[Opening INFORMATION SUPPLIED section]
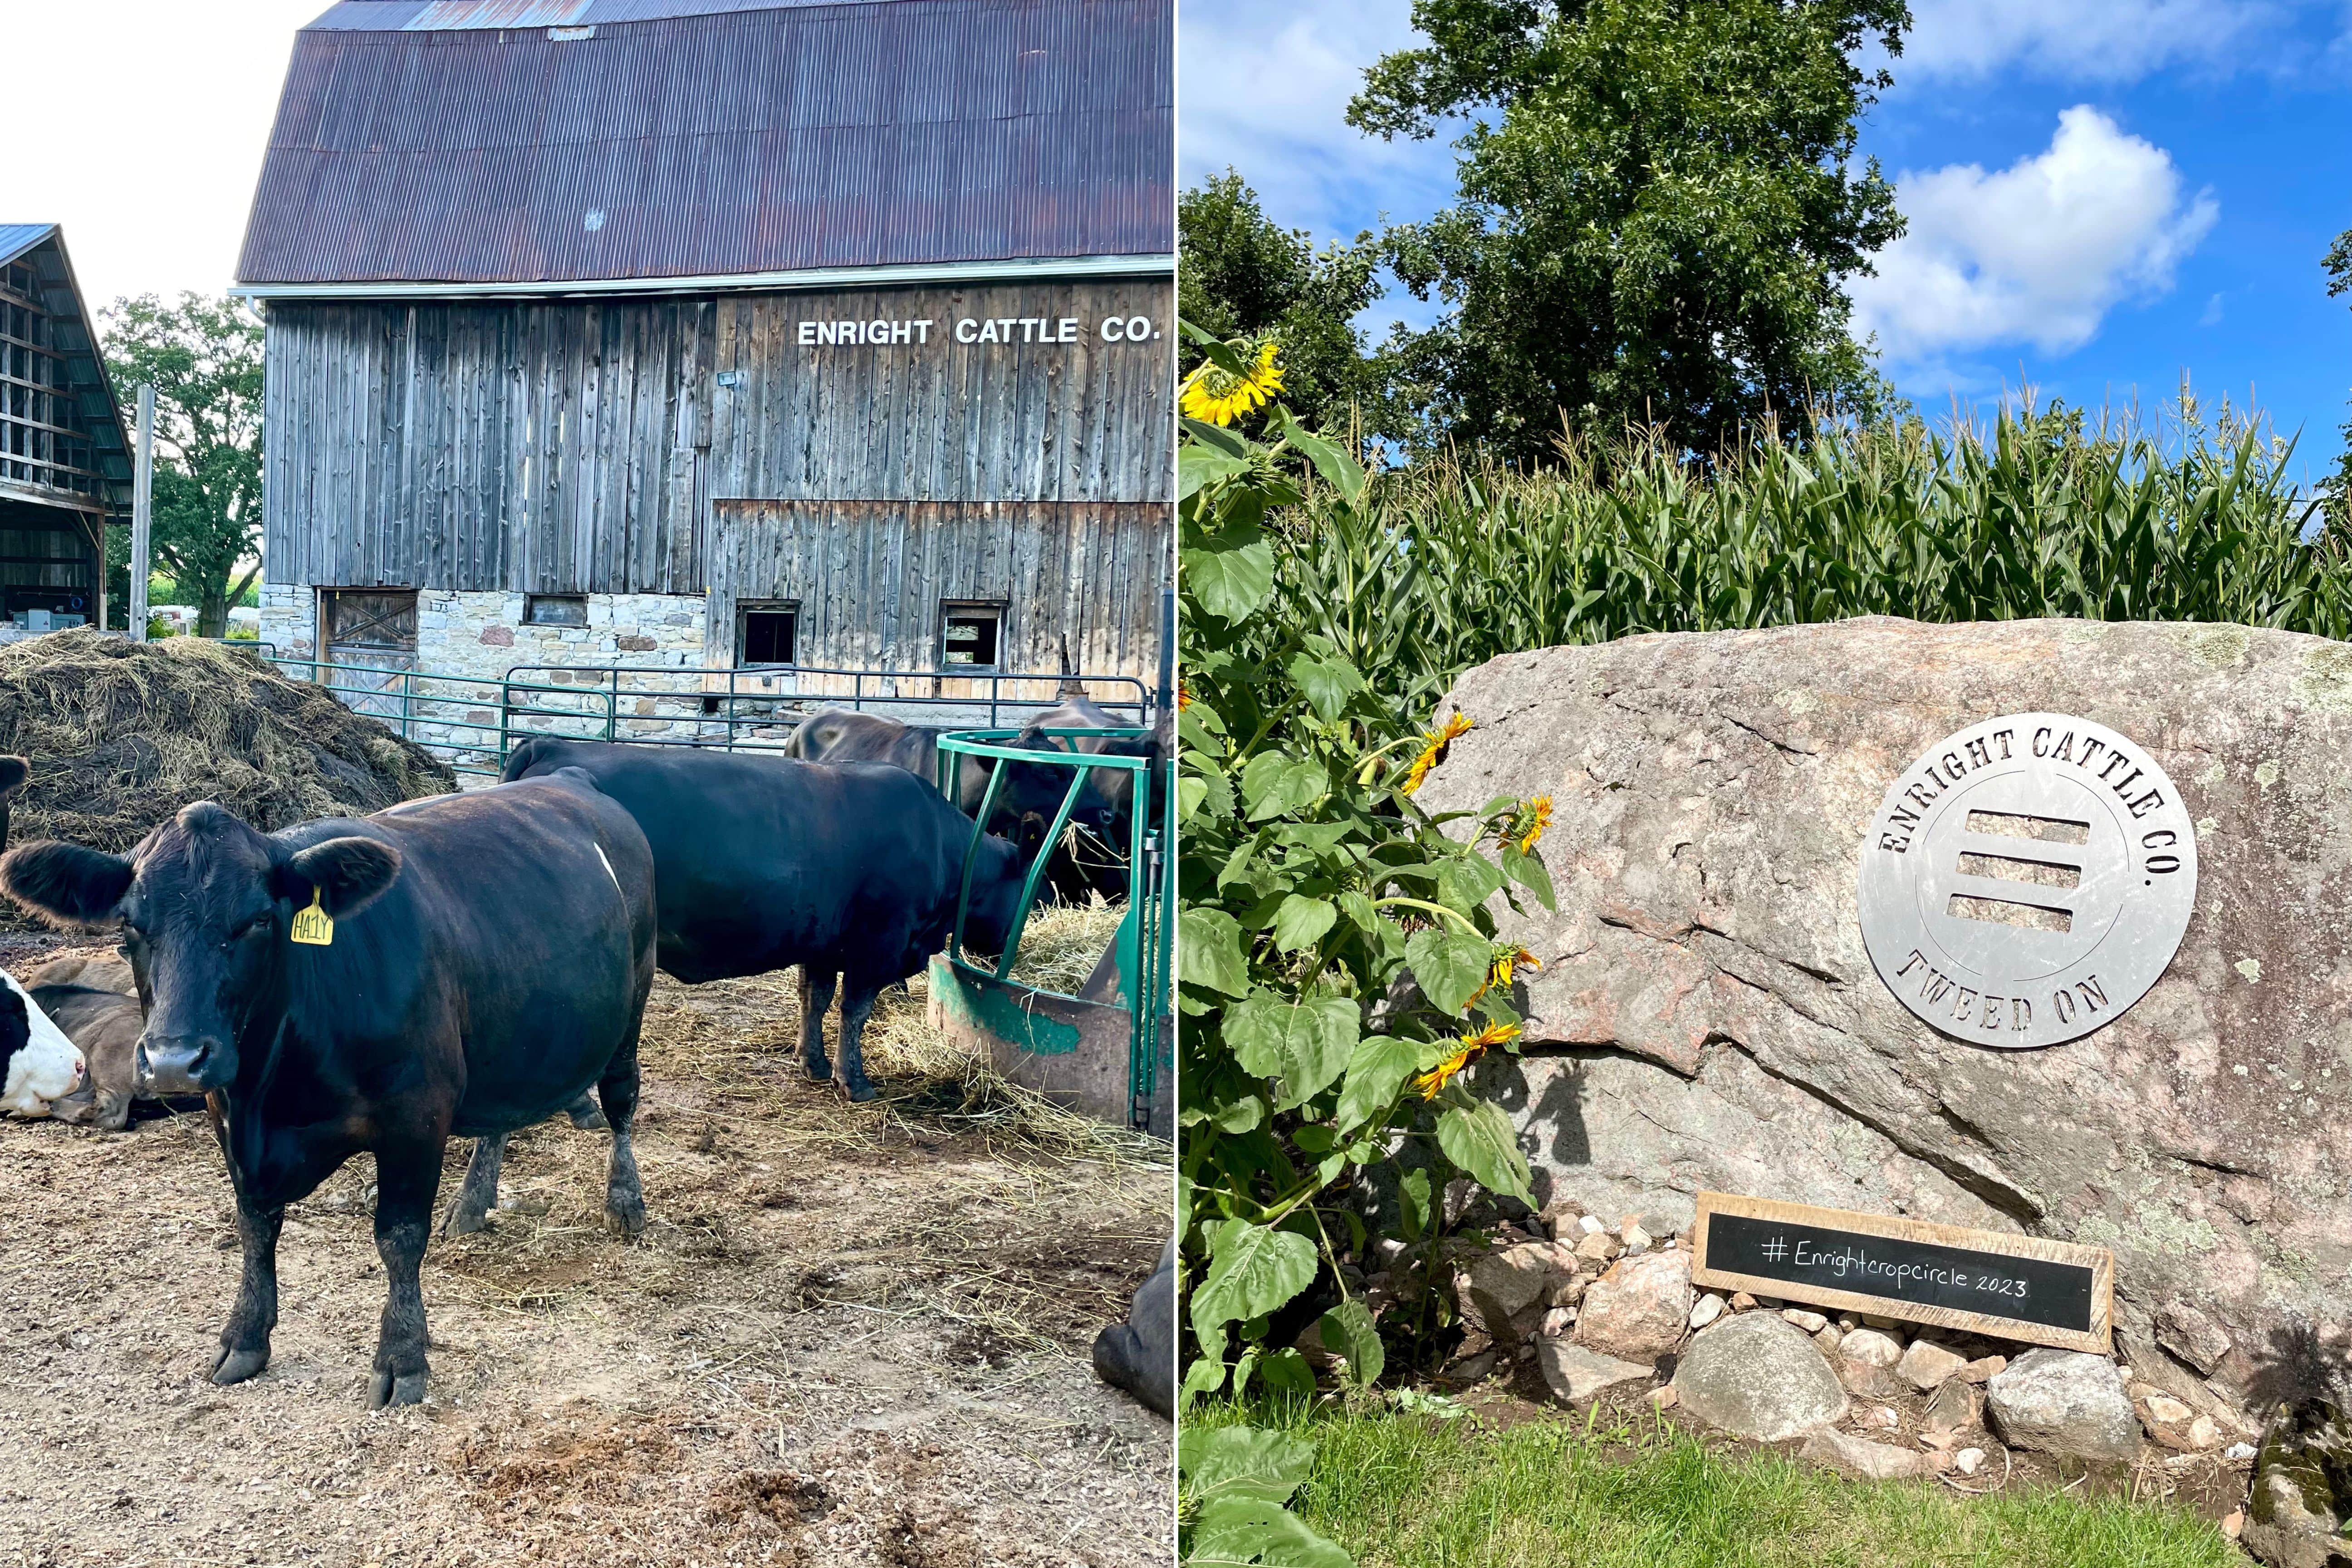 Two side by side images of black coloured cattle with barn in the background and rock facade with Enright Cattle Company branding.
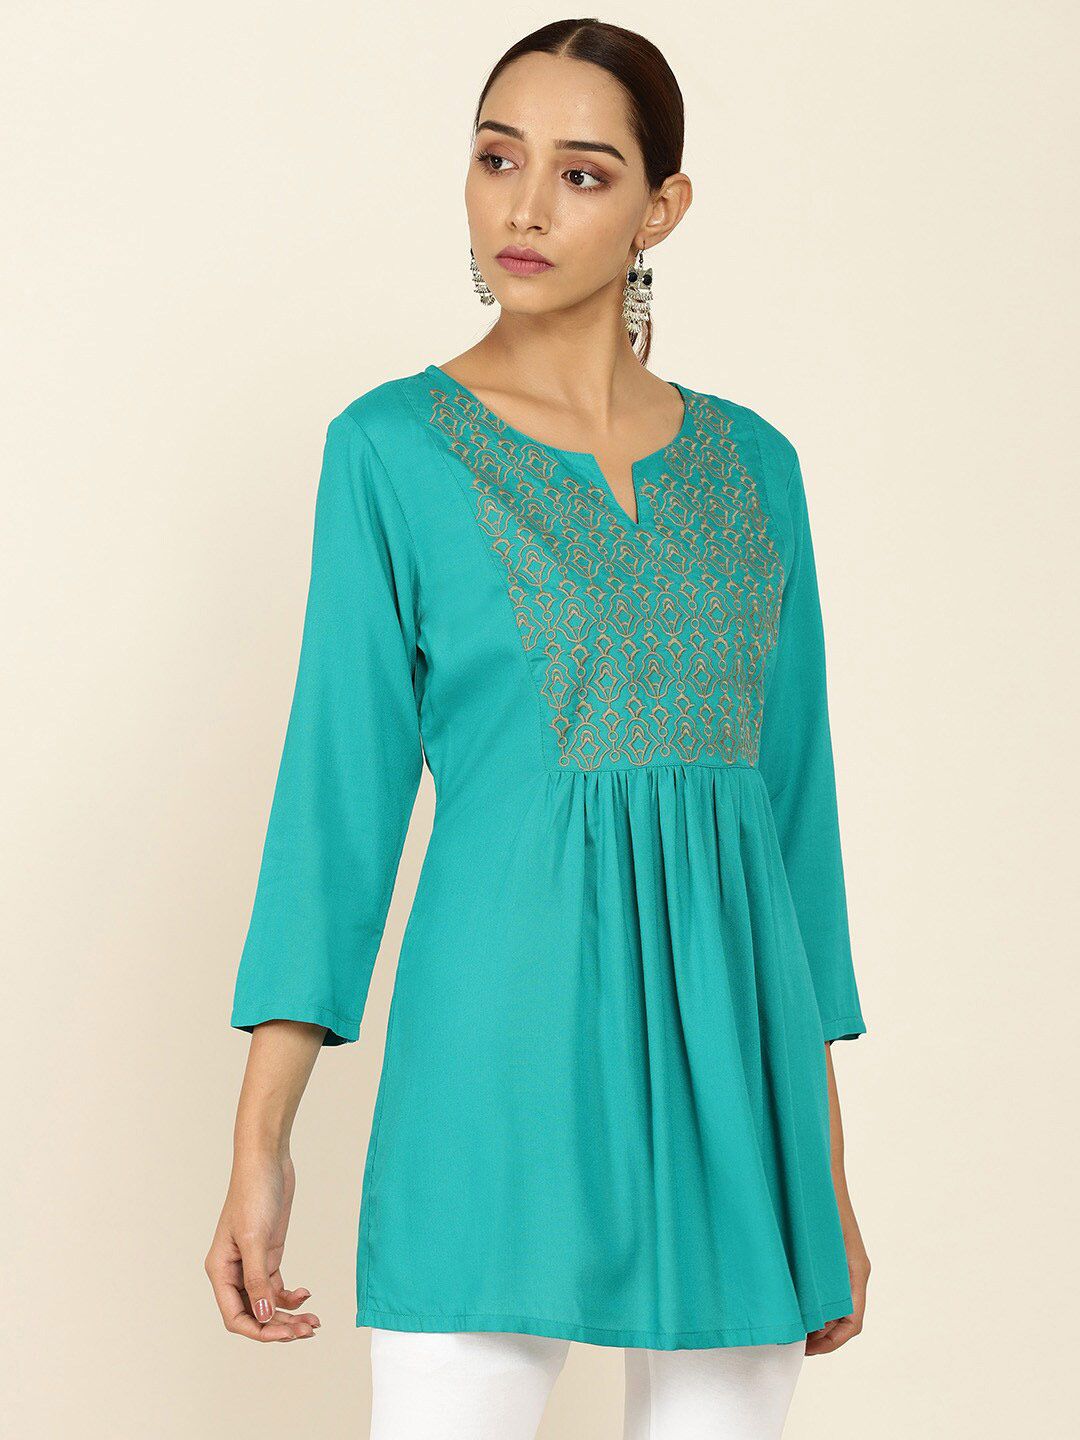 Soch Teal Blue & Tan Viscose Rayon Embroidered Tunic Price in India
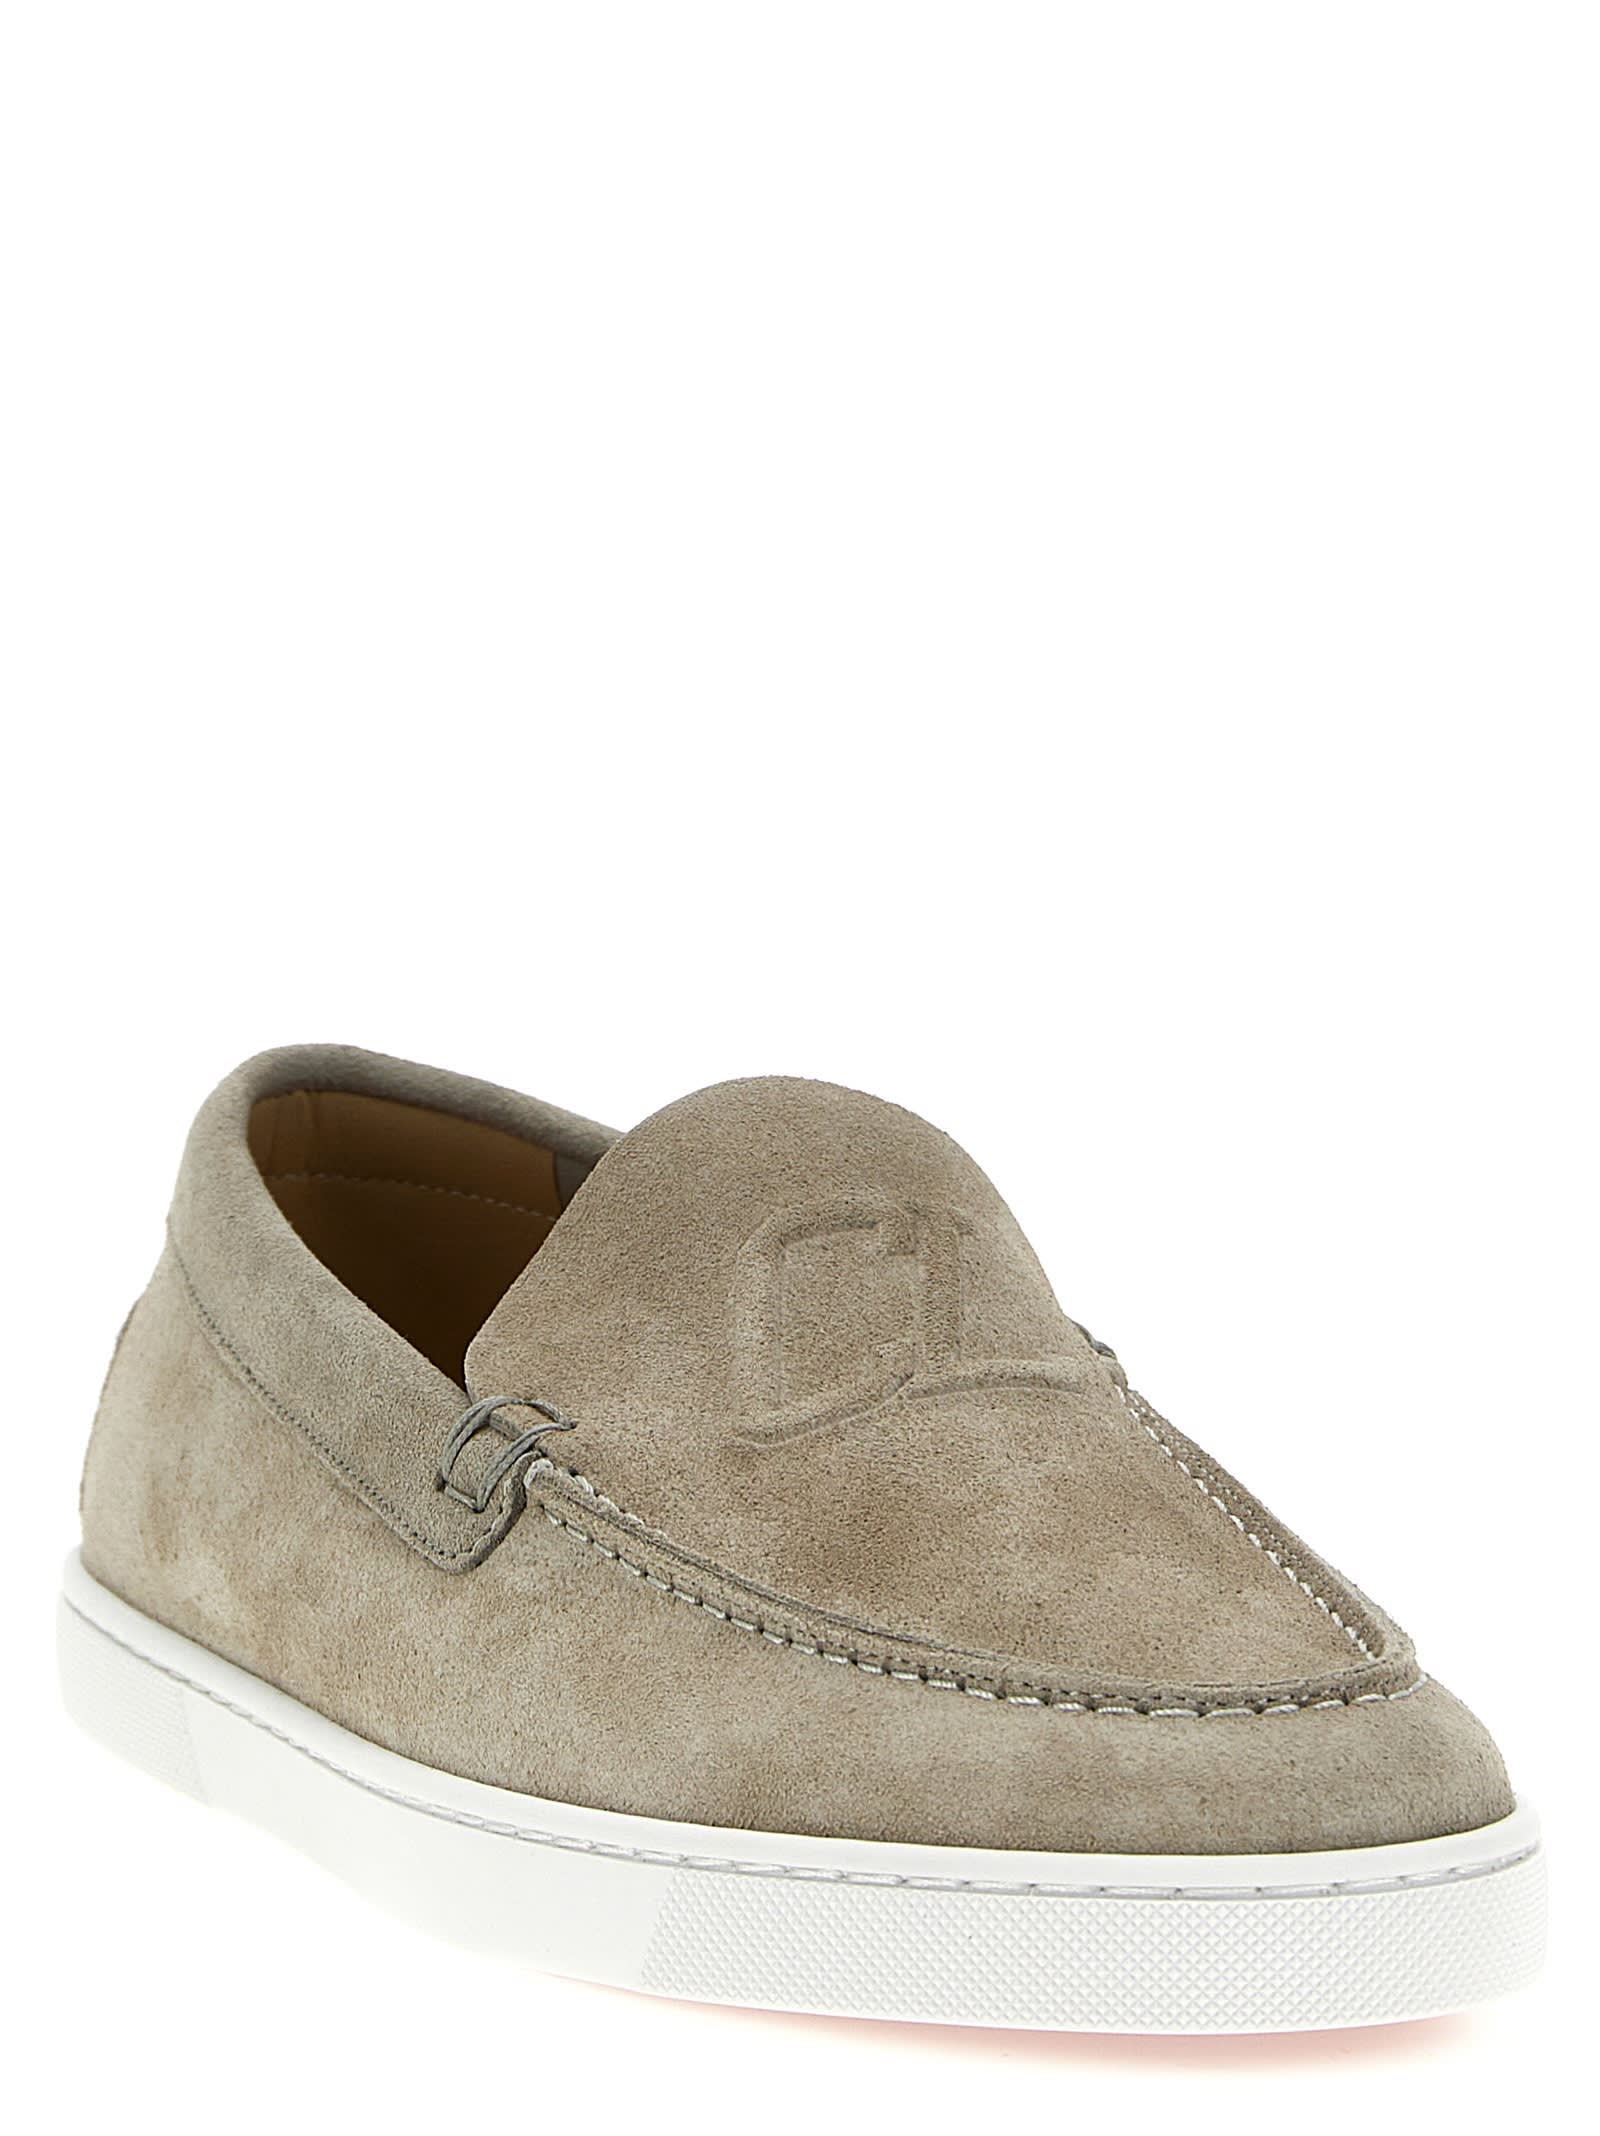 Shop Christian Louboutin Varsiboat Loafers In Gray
[Closing INFORMATION SUPPLIED section]
PROBLEM DESCRIPTION — Could the material above be given again exactly, pictures excluded?

RESULT BELOW —
 Two side by side images of black coloured cattle with barn in the background and rock facade with Enright Cattle Company branding.
 Soch Teal Blue & Tan Viscose Rayon Embroidered Tunic Price in India
 Shop Christian Louboutin Varsiboat Loafers In Gray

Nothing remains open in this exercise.